Usage

Our tool uses published methods to extract summary sleep and activity statistics from raw binary accelerometer data files.

Basic usage

To extract a summary of movement (average sample vector magnitude) and (non)wear time from raw Axivity .CWA accelerometer files:

$ python3 accProcess.py data/sample.cwa.gz
$ <summary output written to data/sample-outputSummary.json>
$ <time series output written to data/sample-timeSeries.csv.gz>
$ <non wear episodes output written to data/sample-nonWearEpisodes.csv.gz>

This may take a few minutes. When done, there will be four files (default in the same folder as the input .cwa file) containing the extracted data.

File Description
OutputSummary.json Summary statistics for the entire input file, such as data quality, acceleration and non-wear time grouped hour of day, and histograms of acceleration levels. Download a sample file.
TimeSeries.csv Acceleration magnitude for each epoch, and whether the data was imputed or not.
Epoch.csv Acceleration data grouped in epochs (default = 5sec). Detailed information about XYZ acceleration, standard deviation, temperature, and data errors can be found in this file.
NonWearBouts.csv Start and end times for any non-wear bouts, and the detected (presumably low) acceleration levels for each bout.

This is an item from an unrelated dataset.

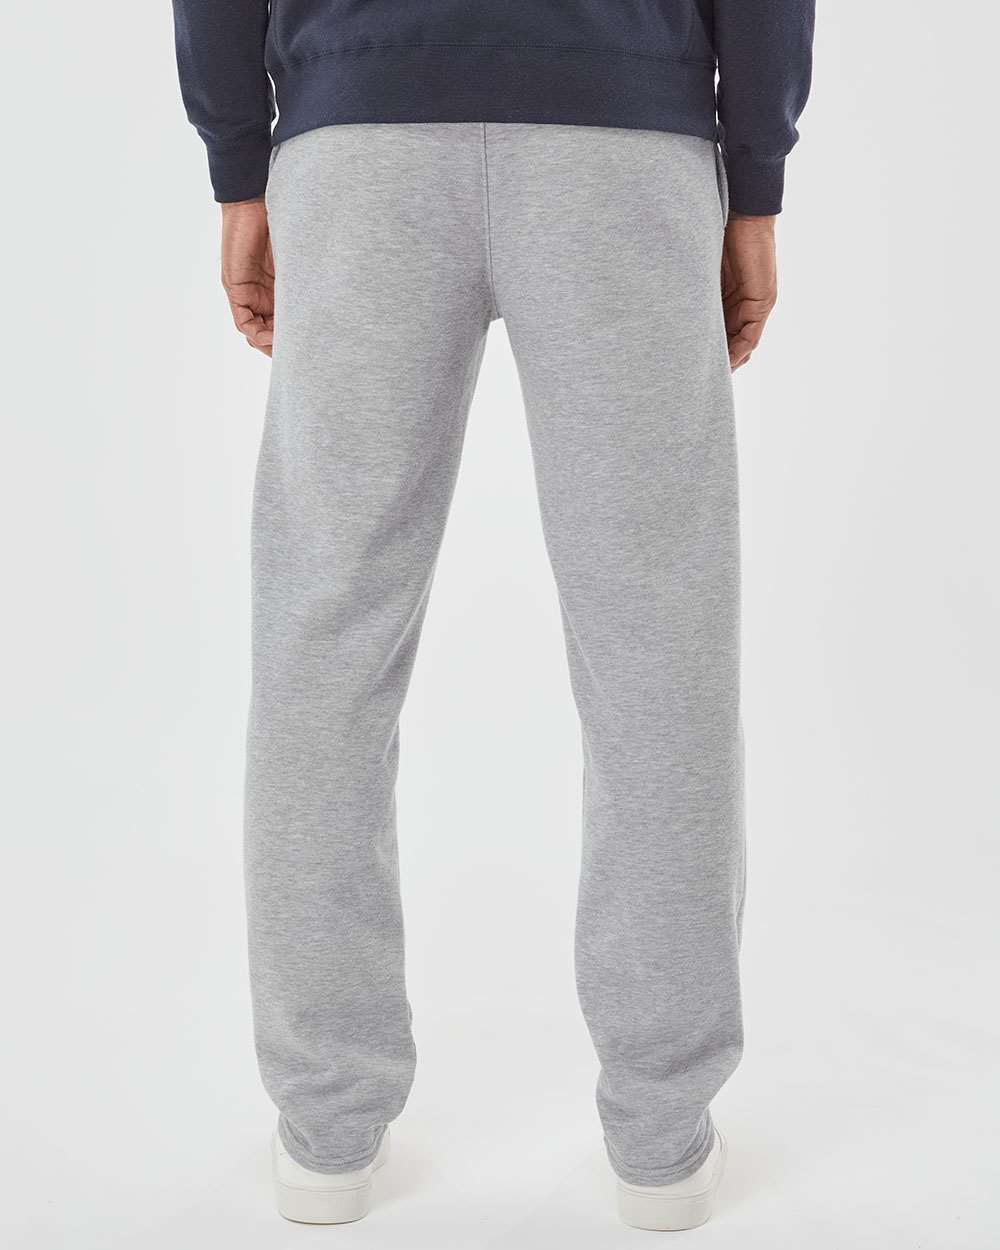  Russell Athletic Mens Big and Tall Open Bottom Lounge Pants -  Jersey Sweatpants Heather Grey : Clothing, Shoes & Jewelry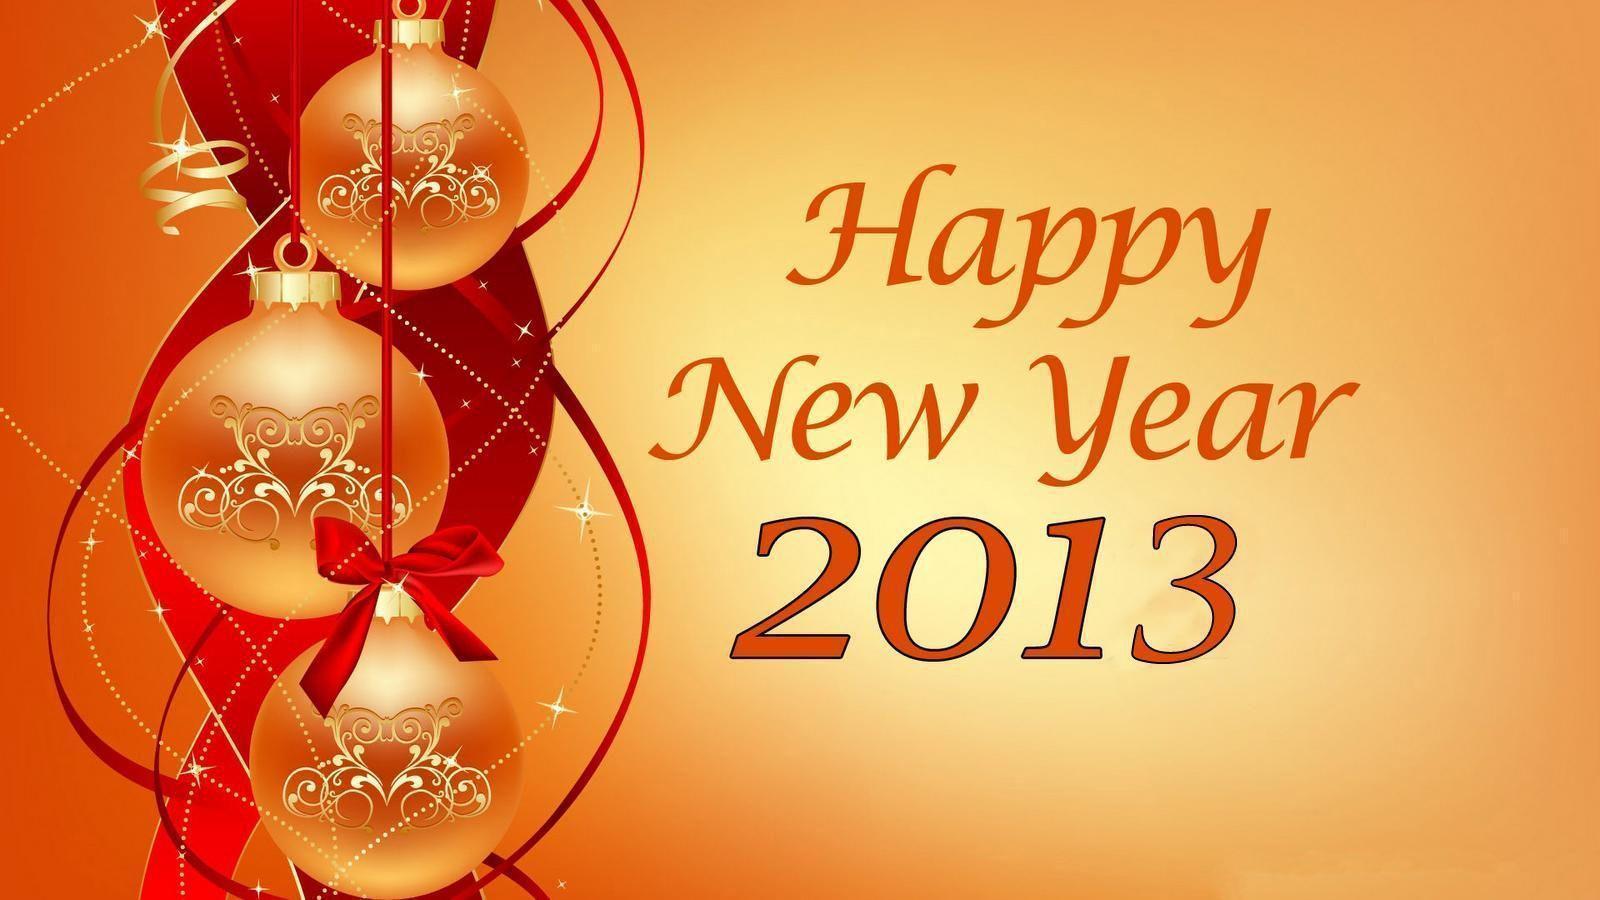 happy new year 2013 wallpaper free download

To visualise the time output:

$ python3 accPlot.py data/sample-timeSeries.csv.gz
  <output plot written to data/sample-timeSeries-plot.png>
_images/samplePlot.png

Output plot of overall activity and class predictions for each 30sec time window

Input file types

GENEActiv

Process data from raw GENEActiv .bin files:

$ python3 accProcess.py data/sample.bin

Actigraph

Process data from raw Actigraph .gt3x files (both versions 1 and 2):

$ python3 accProcess.py data/sample.gt3x --sampleRate 80

An example Actigraph file can be obtained from the AGread gitHub page:

$ wget "https://github.com/paulhibbing/AGread/raw/master/data-raw/119AGBPFLW%20(2016-03-08).gt3x"
$ mv 119AGBPFLW\ \(2016-03-08\).gt3x data/actigraph-example.gt3x
$ python3 accProcess.py data/sample.gt3x --sampleRate 80

CSV

Process data from raw gzipped CSV files:

$ python3 accProcess.py data/sample.csv.gz

It is very unwise to store accelerometer data in .csv format. However, if one were to unzip and view .csv.gz file it would ideally be in this format:

$ wget "http://gas.ndph.ox.ac.uk/aidend/accModels/sample-small.csv.gz"
$ mv sample-small.csv.gz data/
$ gunzip data/sample.csv.gz
$ head -3 data/sample.csv
time,x,y,z
2014-05-07 13:29:50.439+0100 [Europe/London],-0.514,0.07,1.671
2014-05-07 13:29:50.449+0100 [Europe/London],-0.089,-0.805,-0.59

If your CSV is in a different format, there are options to flexibly parse these. Consider the below file with a different time format and the x/y/z columns having different index positions

$ head data/awkwardfile.csv
time,temperature,z,y,x
2014-05-07 13:29:50.439,20,0.07,1.671,-0.514
2014-05-07 13:29:50.449,20,-0.805,-0.59,-0.089

The above file can be processed as follows:

$ python3 accProcess.py data/awkwardFile.csv \
--csvTimeFormat 'yyyy-MM-dd HH:mm:ss.SSS' --csvTimeXYZTempColsIndex 0,4,2,3

If your CSV also has temperature values, it is also possible to include these:

$ python3 accProcess.py data/awkwardFile.csv \
--csvTimeFormat 'yyyy-MM-dd HH:mm:ss.SSS' --csvTimeXYZTempColsIndex 0,4,2,3,1

Processing multiple files

Suppose we want to process hundreds of accelerometer files:

studyName/
    files.csv  # listing files to be processed (optional)
    subject001.cwa
    subject002.cwa
    subject003.cwa
    ...

We provide a python utility function to facilitate generating the list of commands to process each file:

from accelerometer import accUtils
accUtils.writeStudyAccProcessCmds(
    "myStudy/",
    outDir="myStudyResults/",
    cmdsFile="process-cmds.txt"
)
# <list of processing commands written to "process-cmds.txt">

# If we need to pass arguments to the processing commands, use 'cmdsOptions'
# e.g. if for some reason we wanted to use different thresholds for moderate
# and vigorous intensity activities, we could go with
accUtils.writeStudyAccProcessCmds(
    "myStudy/",
    outDir="myStudyResults/",
    cmdOptions="--mgCutPointMVPA 90 --mgCutPointVPA 435",
    cmdsFile="process-cmds.txt",
)
# <list of processing commands written to "process-cmds.txt">

In the example above, a process-cmds.txt text file is created, listing the processing commands for each file listed in files.csv. If files.csv is not present, all the accelerometer files in myStudy/ will be processed, and a files.csv will be created in place listing all the files. For this to work, we need to specify which file type to use by setting the accExt parameter, e.g., cwa, CWA, bin, BIN, gt3x. We can also directly create our own files.csv with a column whose column name needs to be ‘fileName’.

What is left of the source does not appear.